* **Task description**:
Restate each of the lines below word for word and drop every picture.

* **Given data**:
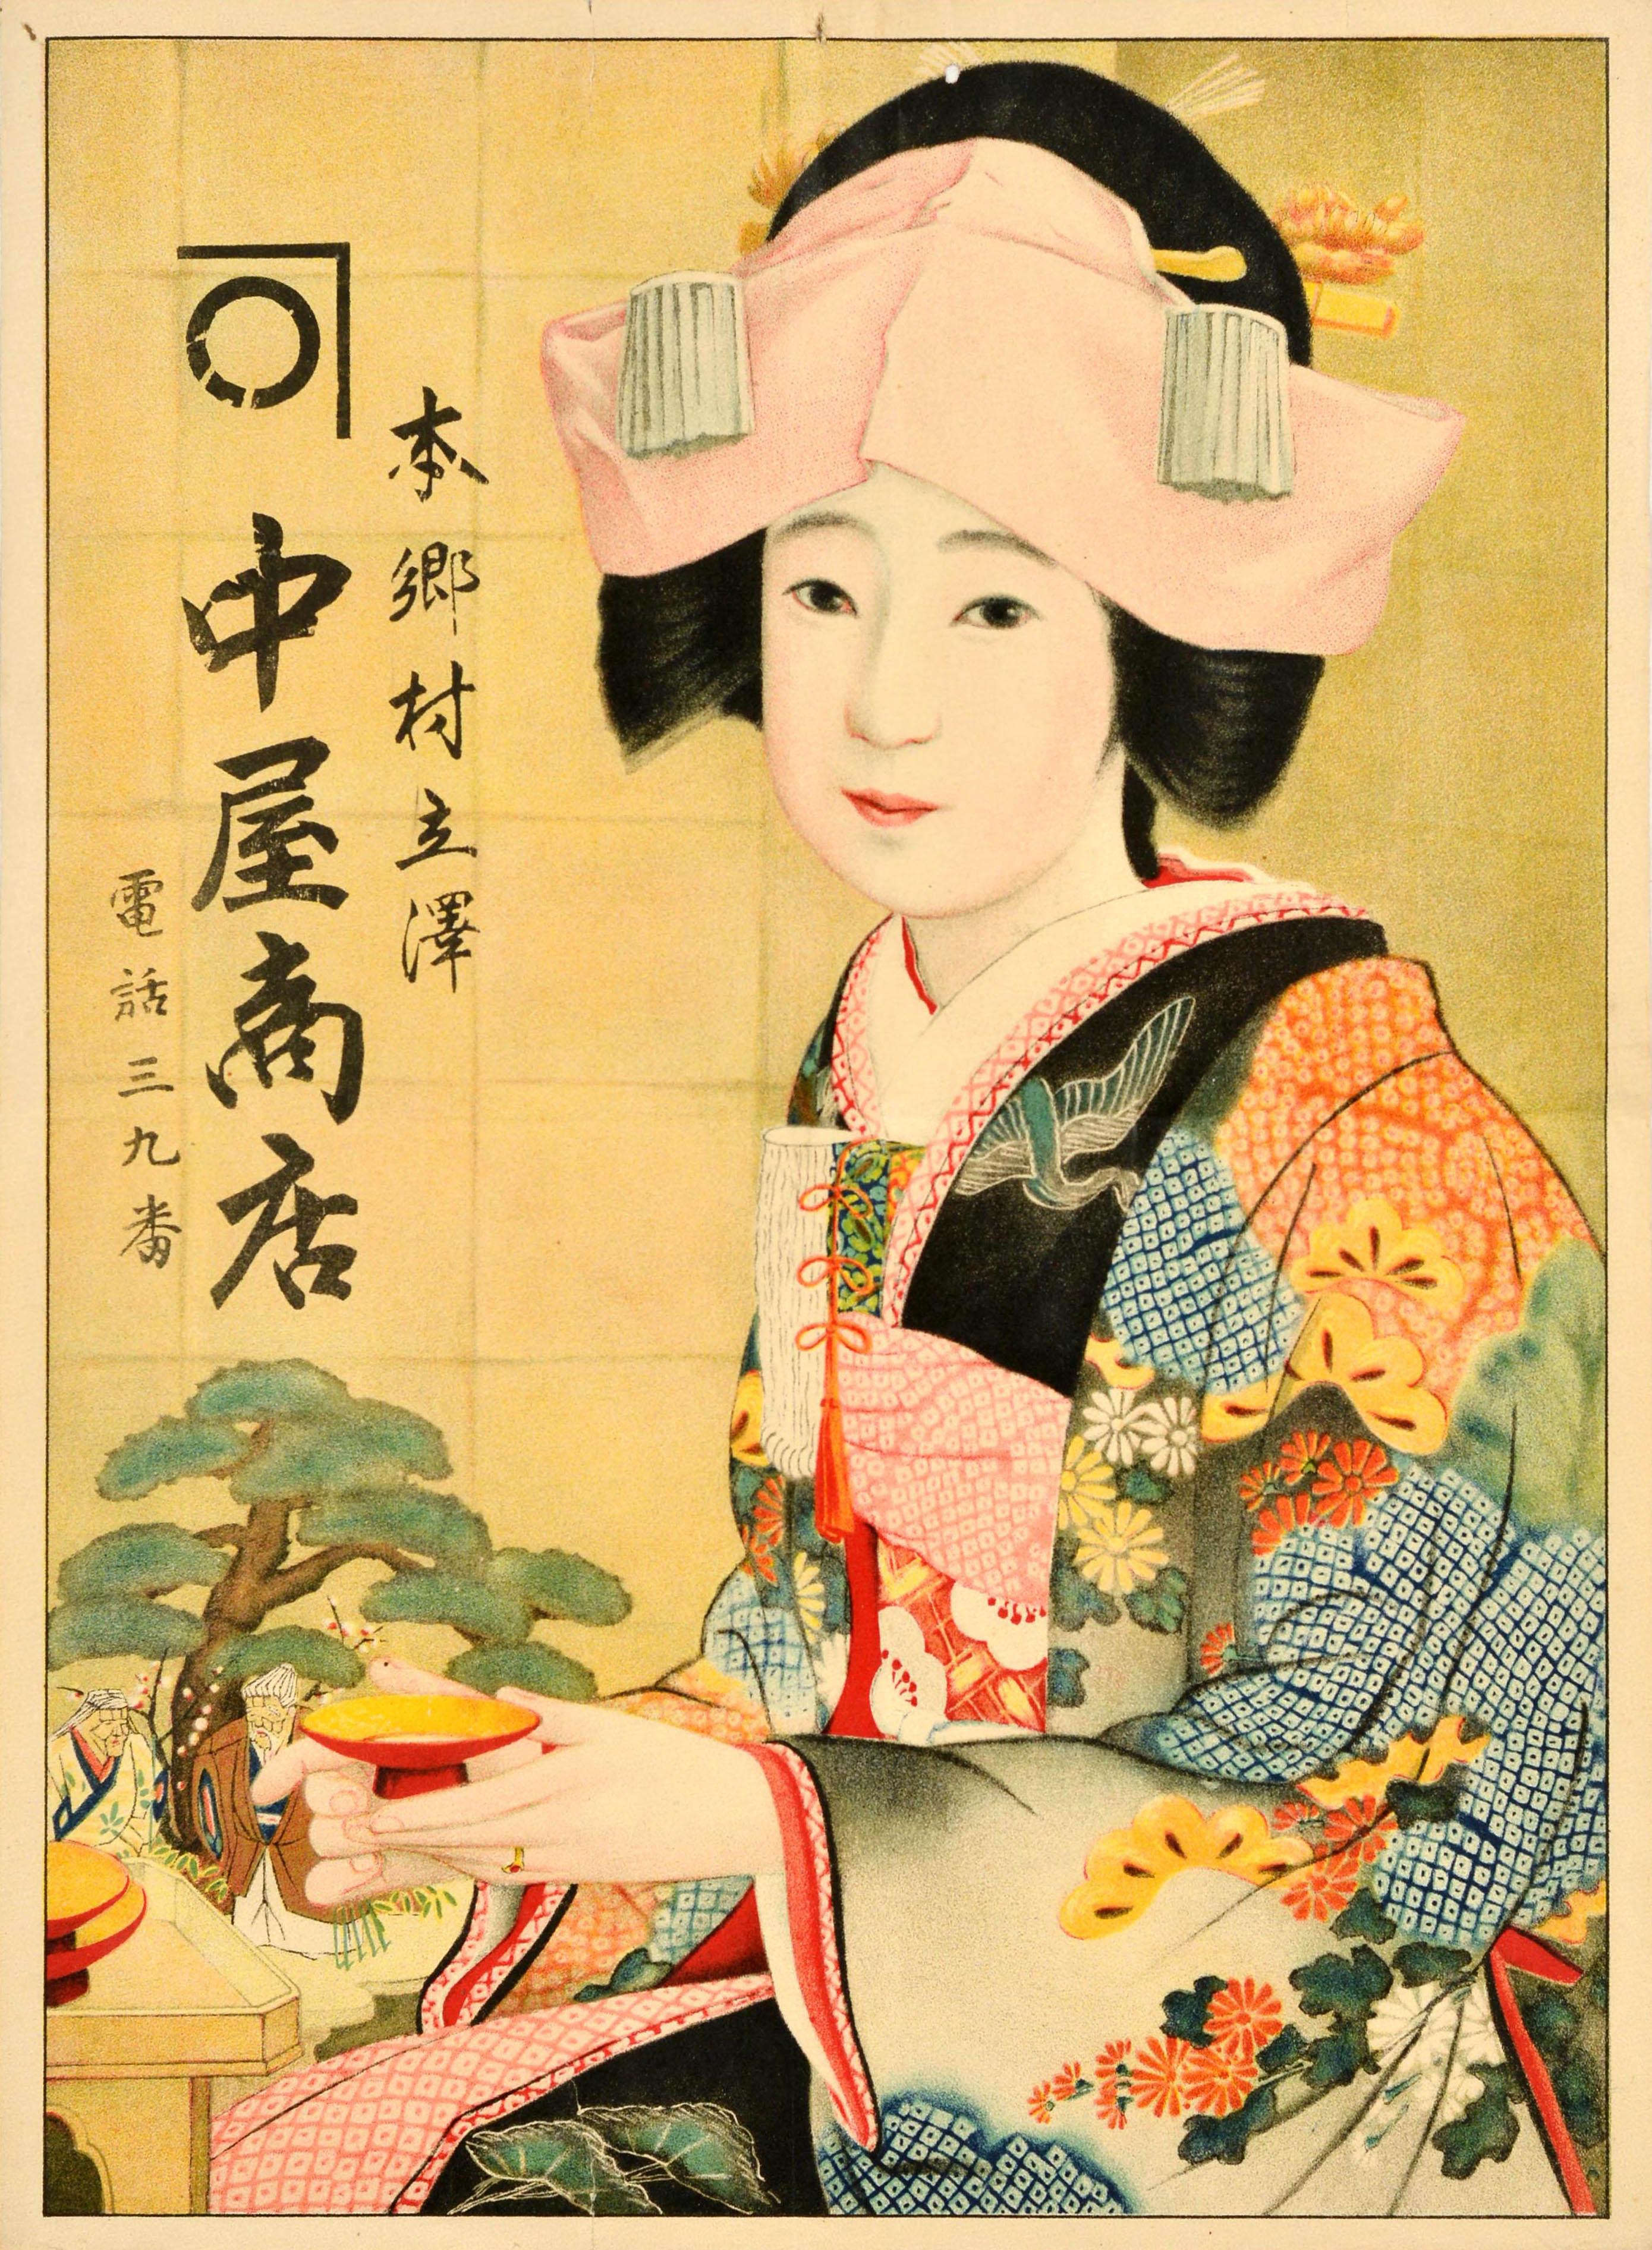 Unknown Print - Original Vintage Advertising Poster Hongo Village Tachisawa Kanakaya Store Japan
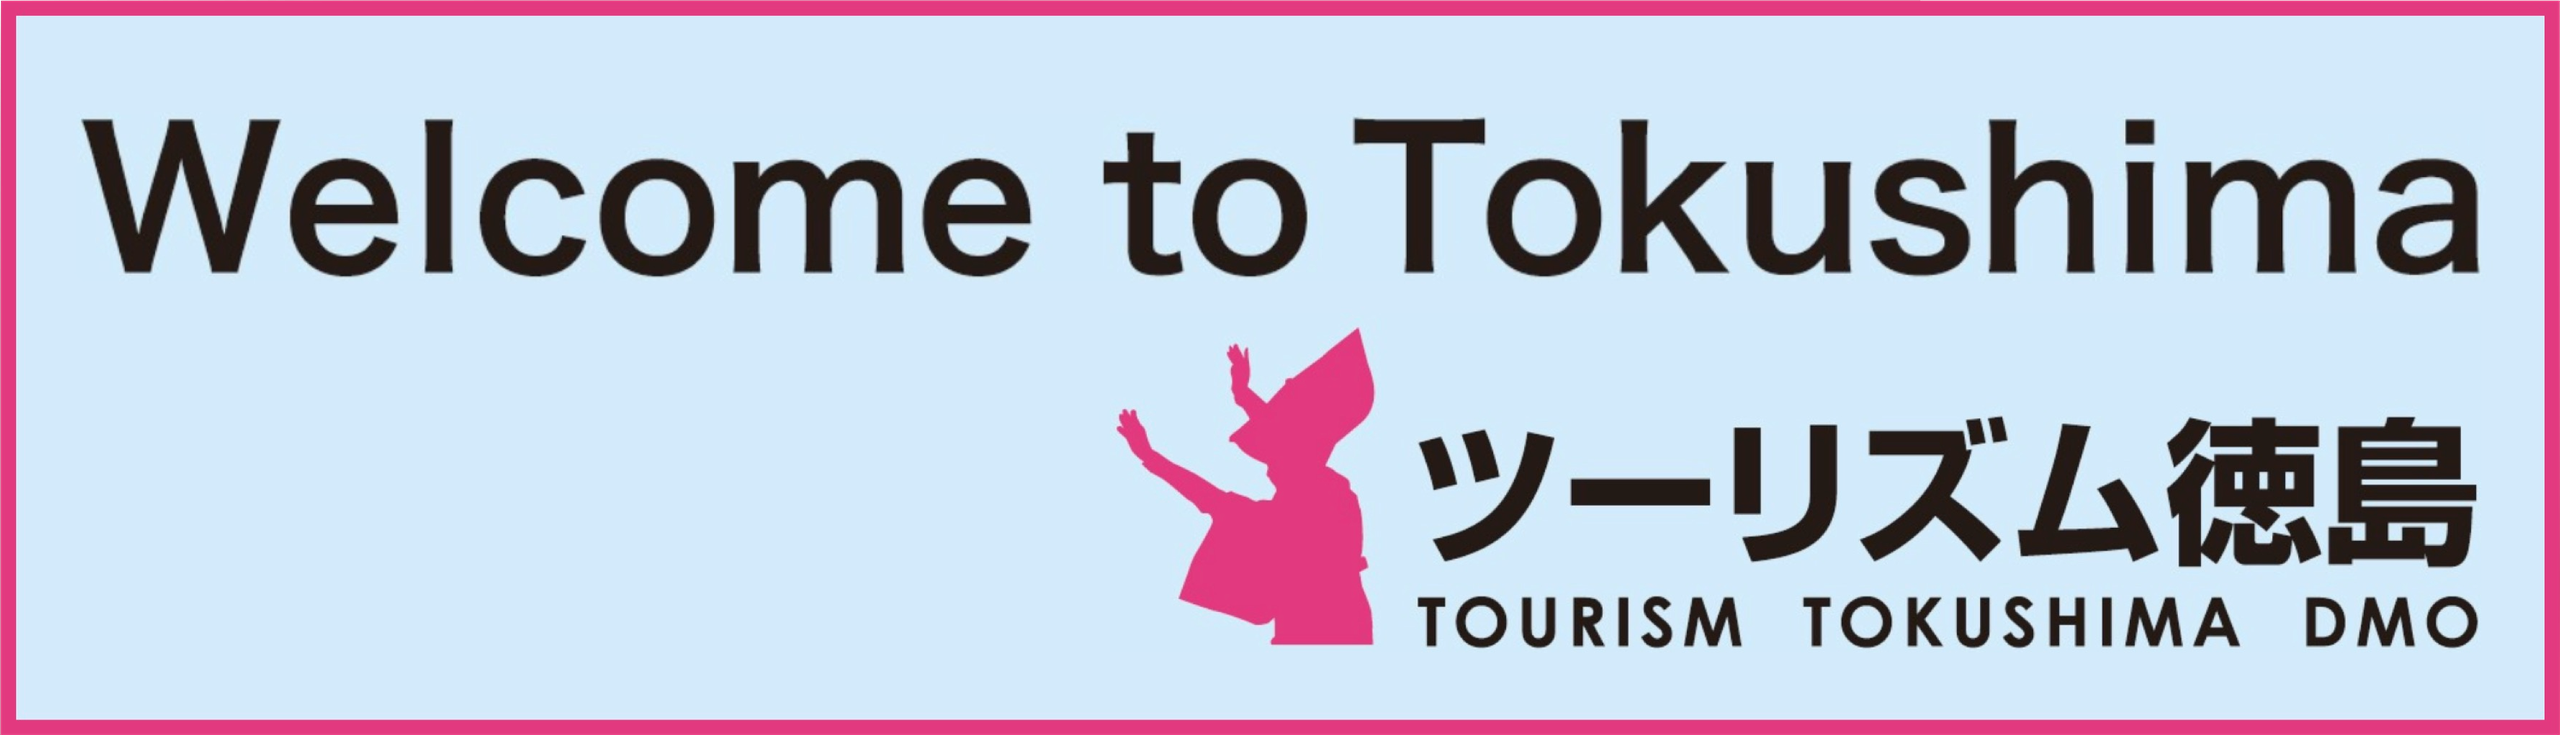 Tokushima Tour
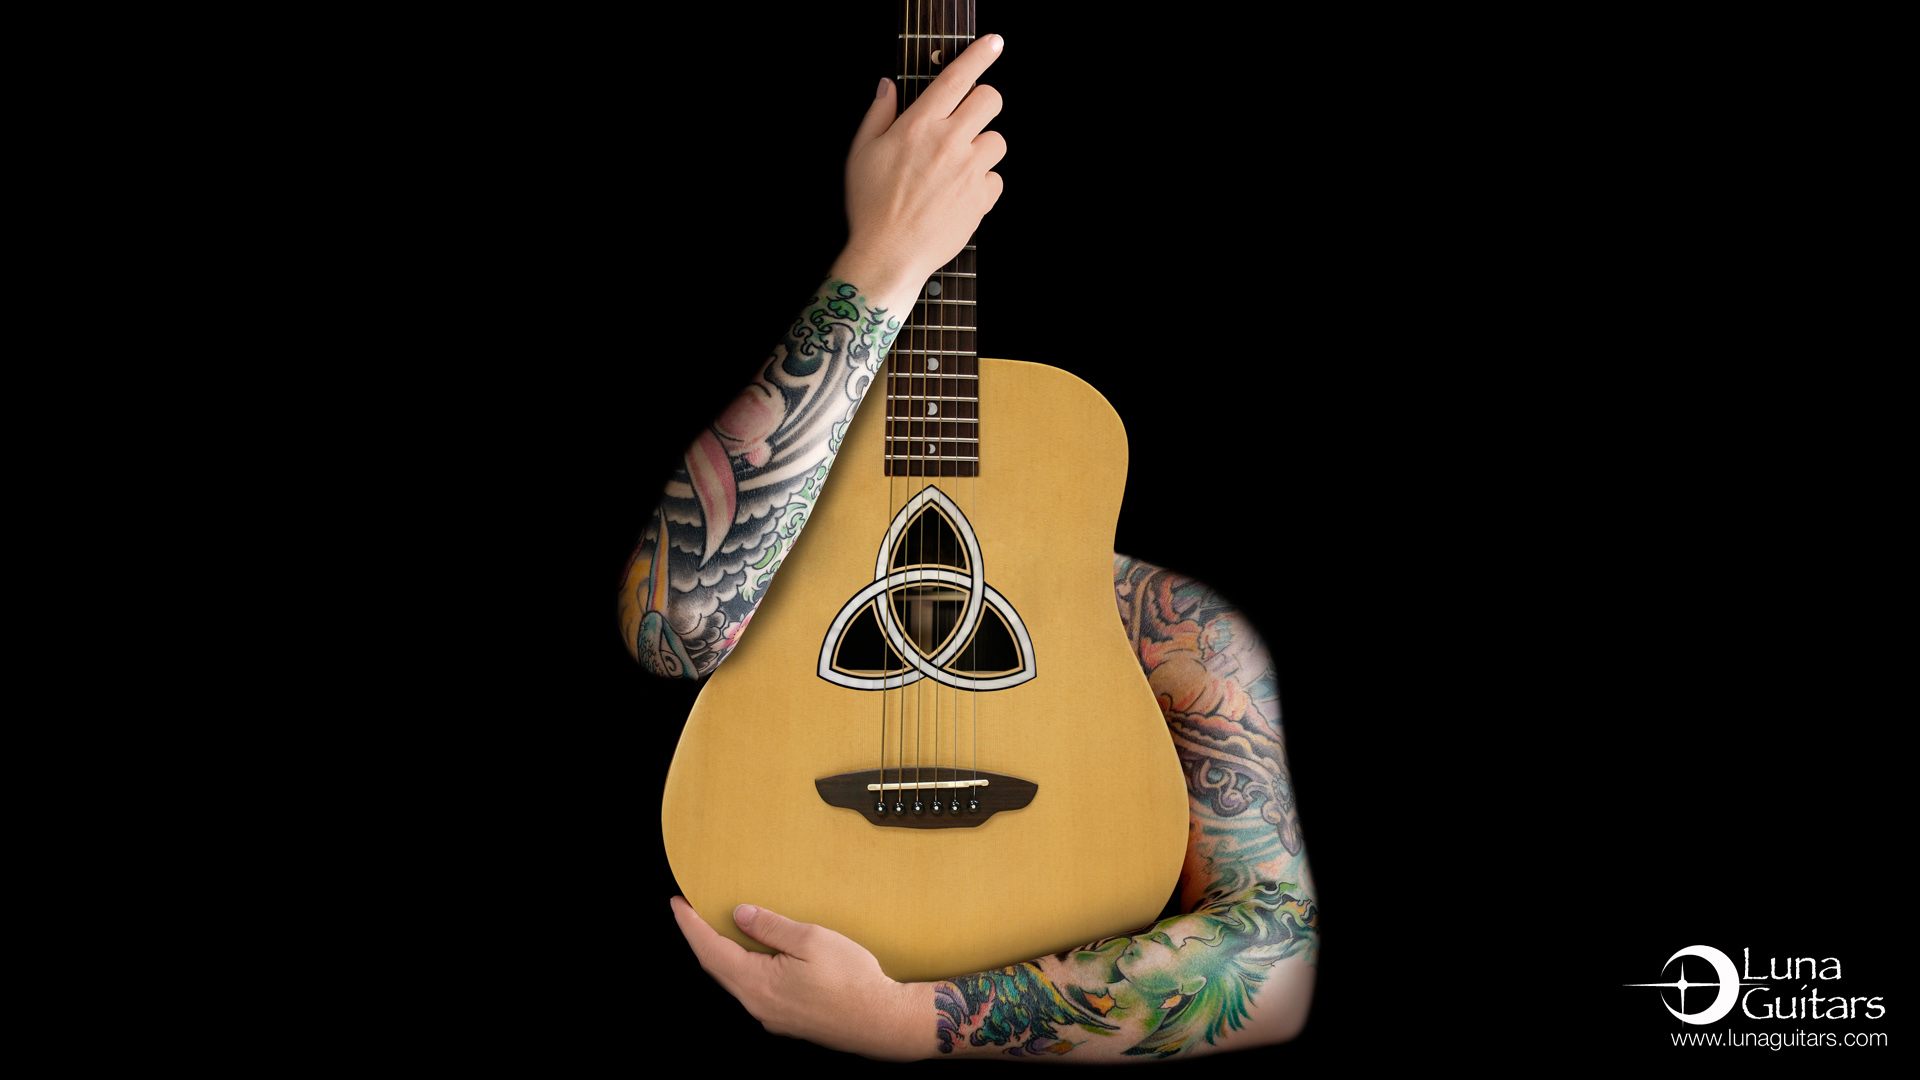 voorkoms rock music guitar body temporary tattoo - Price in India, Buy  voorkoms rock music guitar body temporary tattoo Online In India, Reviews,  Ratings & Features | Flipkart.com

* **Your solution**:
 Unknown Print - Original Vintage Advertising Poster Hongo Village Tachisawa Kanakaya Store Japan
 Tokushima Tour
 voorkoms rock music guitar body temporary tattoo - Price in India, Buy  voorkoms rock music guitar body temporary tattoo Online In India, Reviews,  Ratings & Features | Flipkart.com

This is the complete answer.